Kadang-kadang hibah diberikan kepada sebagian ahli waris diikuti dengan perjanjian bahwa apabila ia sudah menerima hibah dalam jumlah tertentu, maka ia berjanji akan meminta bagian warisan kelak jika sipemberi hibah meninggal.
Takharuj adalah suatu perjanjian yang diadakan oleh para ahli waris untuk mengundurkan (mengeluarkan) salah seorang ahli waris dalam menerima bagian pusaka dengan memberikan suatu prestasi, baik prestasi tersebut berasal dari harta milik orang yang pada mengundurkannya, maupun barasal dari harta peninggalan yang akan dibagi-bagi. Takharuj merupakan transaksi antara dua pihak atau lebih, satu pihak menyerahkan sesuatu bagian pihak lain dan pihak lain menyerahkan bagiannya sebagai tegenprestasi  kepada pihak pertama.
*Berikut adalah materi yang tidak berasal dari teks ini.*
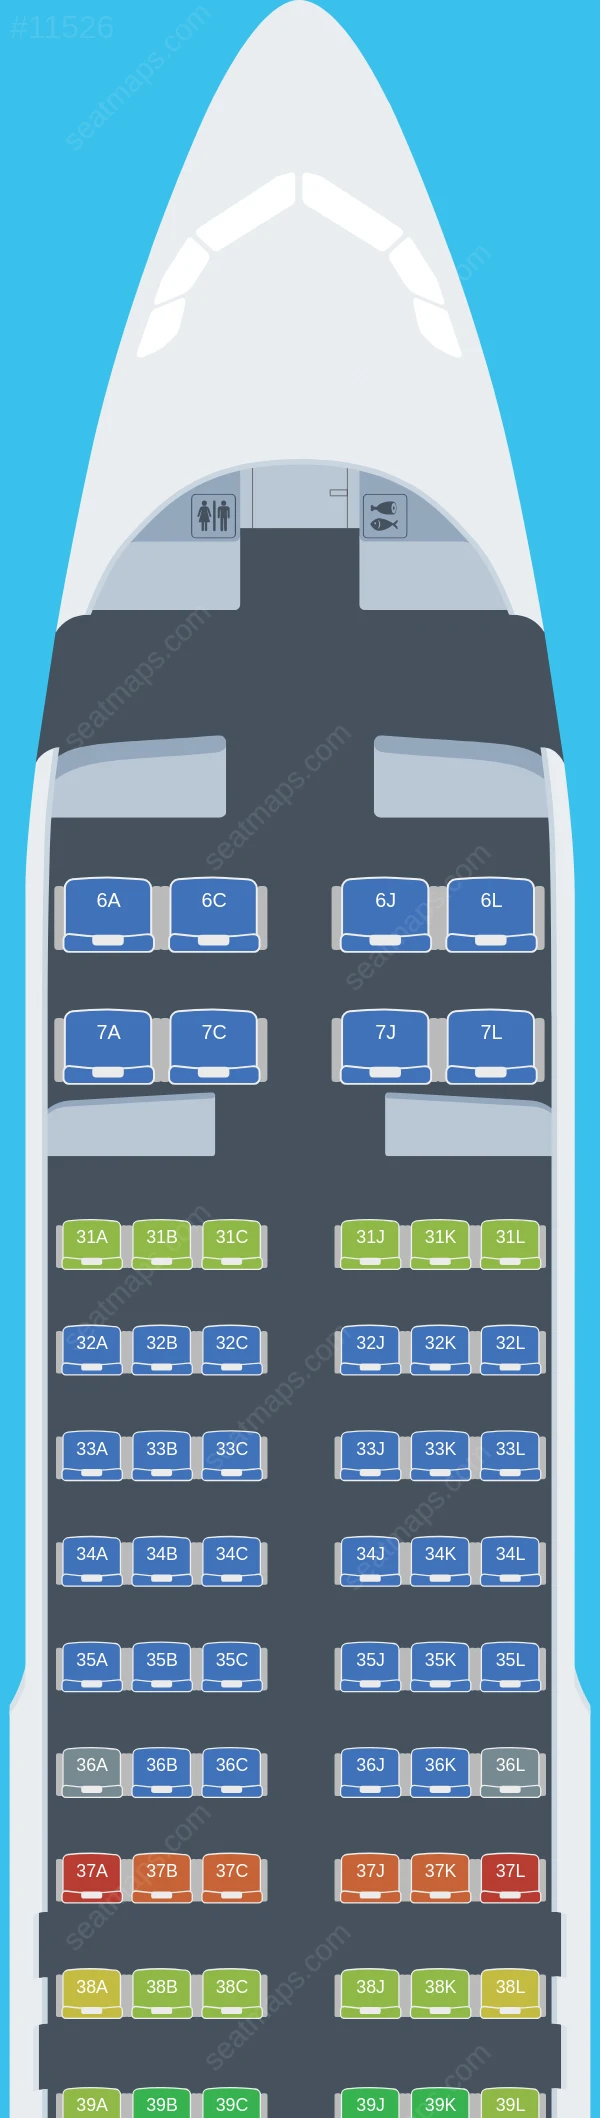 China Eastern Airbus A320neo seatmap preview

Dalam persaksian hibah harus terdapat persaksian yaitu dua orang saksi dan dibuktikan dengan bukti otentik. Ini dimaksudkan agar kelak dikemudian hari ketika sipemberi hibah meninggal dunia, tidak ada anggota keluarga atau ahli warisnya mempersoalkan karena itikad yang kurang atau tidak terpuji. Dalam hukum waris terdapat pembatasan bahwa hibah tidak boleh melanggar hak mutlak (legitieme portie) yang dimiliki oleh ahli waris dalam garis keturunan. Apabila hibah melanggar hak mutlak ahli waris, maka dilakukan pemotongan (inkorting) sampai batas yang dimiliki ahli waris tersebut.
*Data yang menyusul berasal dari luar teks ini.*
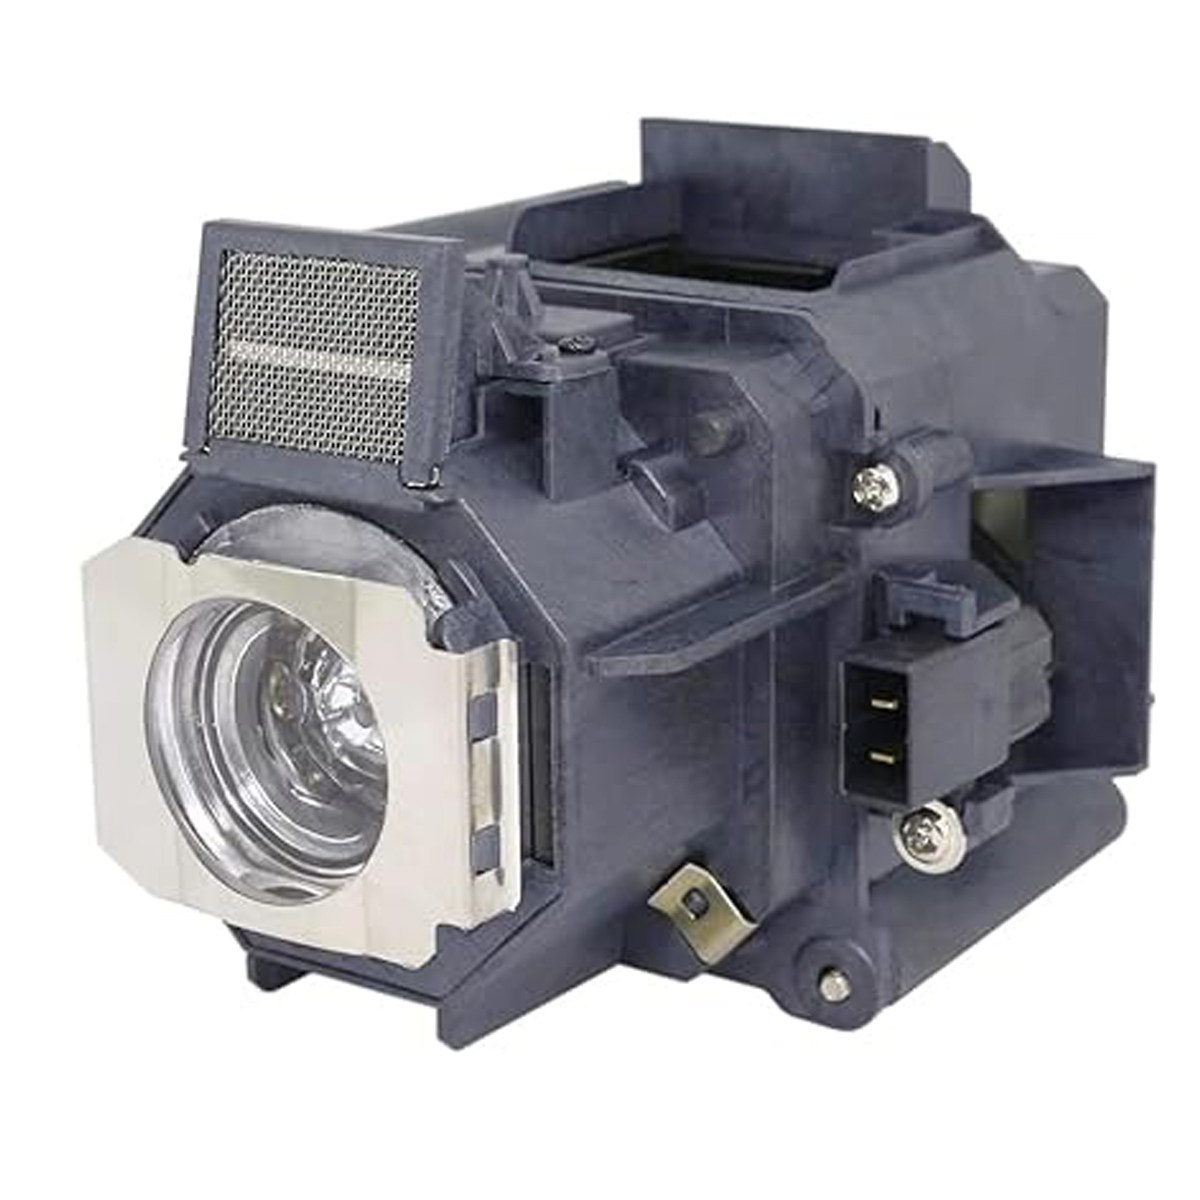 Replacement projector lamp ELPLP63 For EPSON EB-G5800 EB-G5900 EB-G5950

Hibah yang diberikan pada saat si penghibah dalam keadaan sakit yang membawa kematian, maka hibah tersebut harus mendapat persetujuan dari ahli warisnya (pasal 213).
1.6   Penarikan Hibah
 Penarikan kembali atas hibah adalah merupakan perbuatan yang diharamkan meskipun hibah itu terjadi antara dua orang yang bersaudara atau suami isteri. Adapun hibah yang boleh ditarik hanyalah hibah yang dilakukan atau diberikan orang tua kepada anak-anaknya.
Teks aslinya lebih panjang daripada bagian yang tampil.